3. 国家自然科学基金-重大研究计划（重点项目），西太平洋板块俯冲体系岩浆过程中深部碳循环研究，2019.01-2022.12，258万元，主持，已结题（结题评估“优秀”）；

4. 国家自然科学基金—优秀青年科学基金，海洋岩石学与地幔地球化学，2016.01-2018.12，150万元，主持，已结题；

5. 国家自然科学基金（面上）项目，深部碳循环对典型大洋海山链碱性玄武岩的成因制约，2019.01-2022.12，65万元，主持，已结题；

6. 国家自然科学基金（面上）项目，太平洋洋中脊大尺度地幔组成不连续转换带的地球化学制约，2014.01-2017.12，78万元，主持，已结题；

7. 国家自然科学基金（面上）项目，南太平洋白垩纪以来洋中脊岩浆地幔源区温度与组成变化， 2012.01-2015.12，75万元，主持，已结题；

8. 中国科学院战略科技先导专项（A）—课题，板块俯冲体系的界面过程及其塑造的生命环境，2019.01-2024.12，997万元，主持，已结题；

9. 中国科学院战略科技先导专项（B）—子课题，印太交汇区海盆岩浆过程与地幔组成，2020.01-2024.12，150万元，主持，已结题；

10. 海洋科学与技术国家实验室“鳌山人才”计划—优秀青年学者项目，海洋岩石地球化学，2016.01-2018.12，150万元，主持，已结题。

 

获奖/荣誉/学术兼职：

1. 2024年：成果“西太平洋边缘海盆构造岩浆作用与深部碳循环”，获得山东省自然科学奖（二等奖）（排名第一）；

2. 2022年：获得第十二届山东省青年科技奖；

3. 2021年：成果“热带西太平洋典型地质过程与环境演变”，获得海洋科学技术奖（一等奖）（排名第三）；

4. 2019年：主导研究成果“首次揭示南海扩张期软流圈地幔组成本质”，入选“2018年度中国十大海洋科技进展”；

5. 2010年：获得中国科学院院长优秀奖；

6. 2020-2024：国际大洋发现计划（IODP）科学计划评估组（SEP），评审委员；

7. 2022~今：中国矿物岩石地球化学学会-地幔矿物岩石地球化学专业委员会，委员；

8. 2018-2026：国家自然科学基金委“西太平洋多圈层动力过程”重大研究计划，学术秘书；

9. 近年来担任《海洋地质与第四纪地质》、《热带海洋学报》、《海洋地质前沿》、《Geosystem and Geoenviroment》、《Discovery Minerals》等核心地学刊物编委，以及《Acta Oceanologica Sinica》、《海洋学报》期刊青年编委。

 

航次经历（Sea-going experience）：

2010、2014、2022年：作为火成岩石学科学家，分别参加国际大洋发现/钻探计划航次（IODP Exp. 329、349和393航次）；

2019-2021年：主导设计执行了国家基金委首个重大科学问题引导的共享航次项目：“西太平洋多圈层相互作用板块俯冲起始机制科学考察”（No.
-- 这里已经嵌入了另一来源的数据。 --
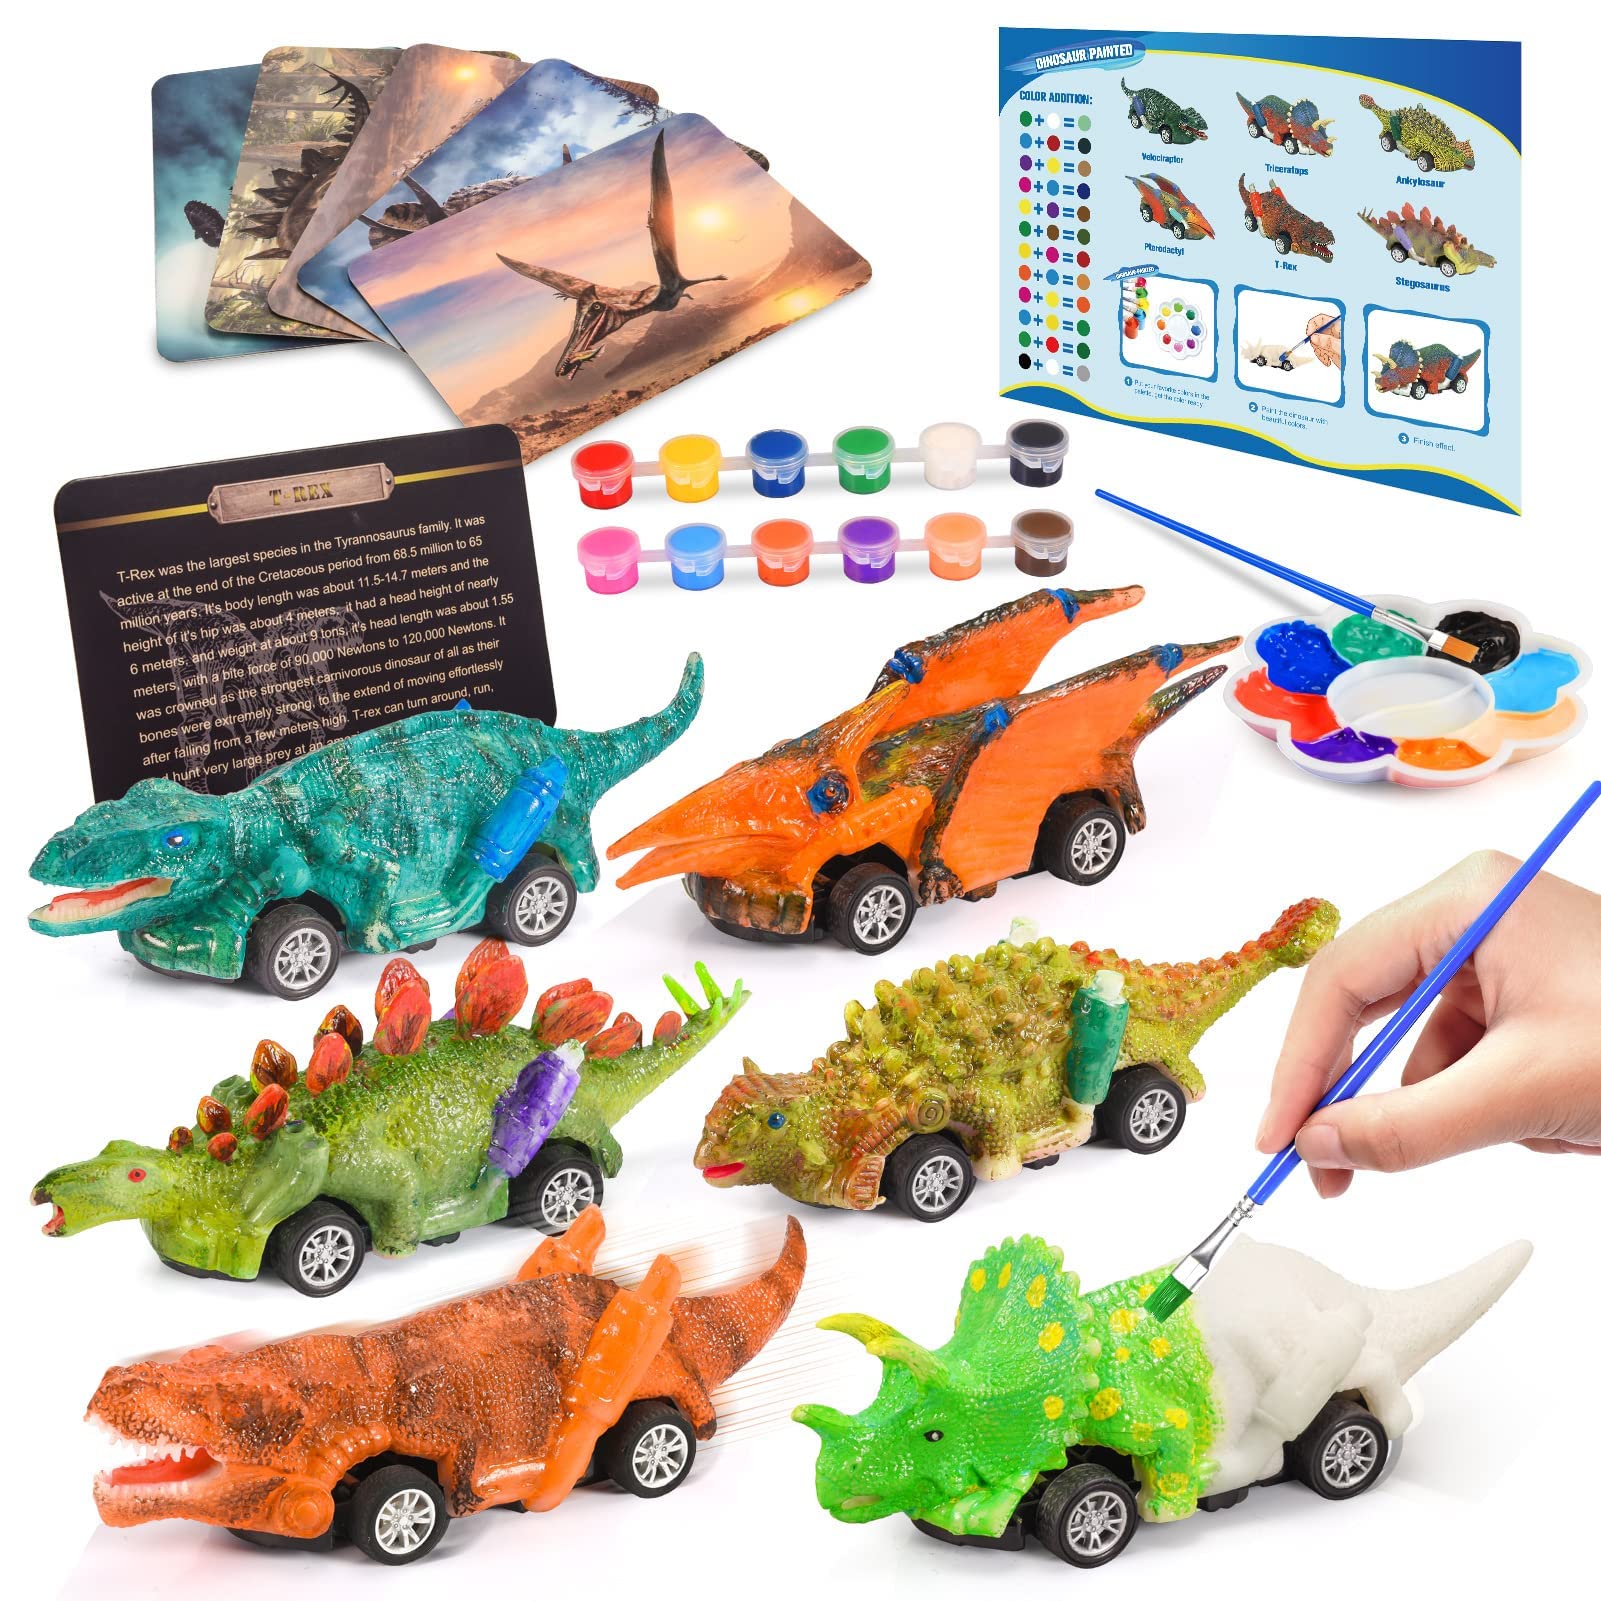 faentwc Dinosaur Toys for Kids 3-12 Year Old 2 in 1 Dinosaurs Painting Kits and Pull Back Cars Toy for Boys 5-7 Arts and Crafts Set for Girl DIY Birthday for Kid Age 4 5 6 7 8 9 10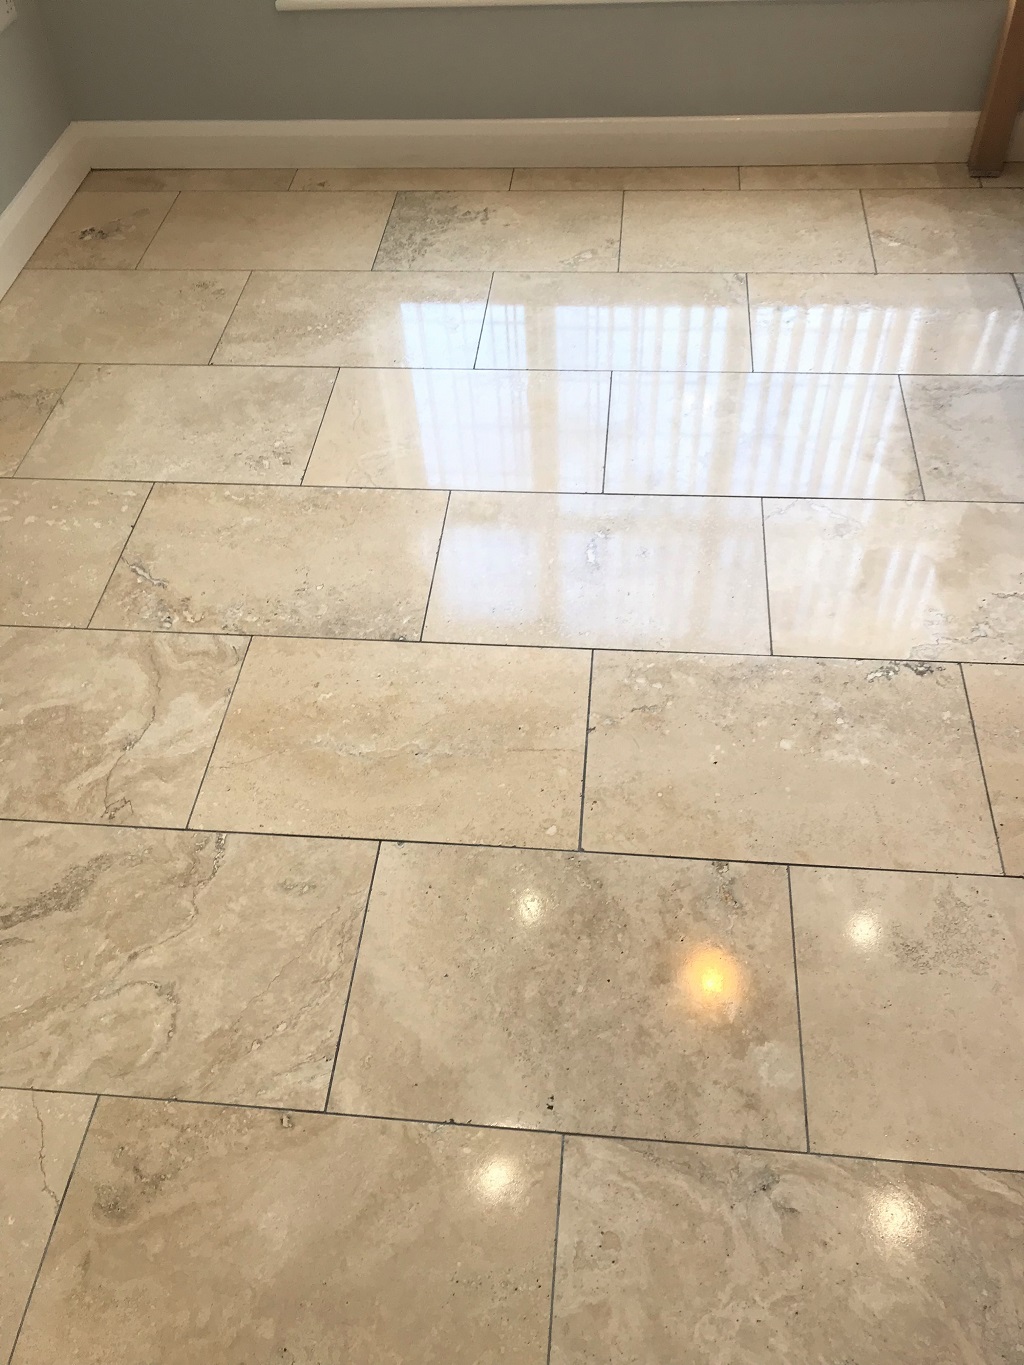 Travertine Kitchen Floor Tiles After Cleaning Stoke on Trent

NORC2020-581）。

 

代表性研究论文（Publications）：

通讯作者（*）

1 Zhang, G.L.(*), Chen, L. H.(*), Jackson, M. G., Hofmann, A. W. (2017). Evolution of carbonated melt to alkali basalt in the South China Sea. Nature Geoscience, 10(3), 229-235.

2 Zhang, G.L.(*), Yao, J., Xu, F., Wu, T., Li, C. F., Wang, S., 2023. Origin of the Mussau Trench in the Western Pacific: Geochemical and mineralogical constraints from basalts and serpentinized peridotites. Chemical Geology, 642, 121798.

3 Zhang, G.L.(*), Wang, S., Zhang, J., et al., 2020. Evidence for the essential role of CO2 in the volcanism of the waning Caroline mantle plume. Geochimica et Cosmochimica Acta. 290: 391-407.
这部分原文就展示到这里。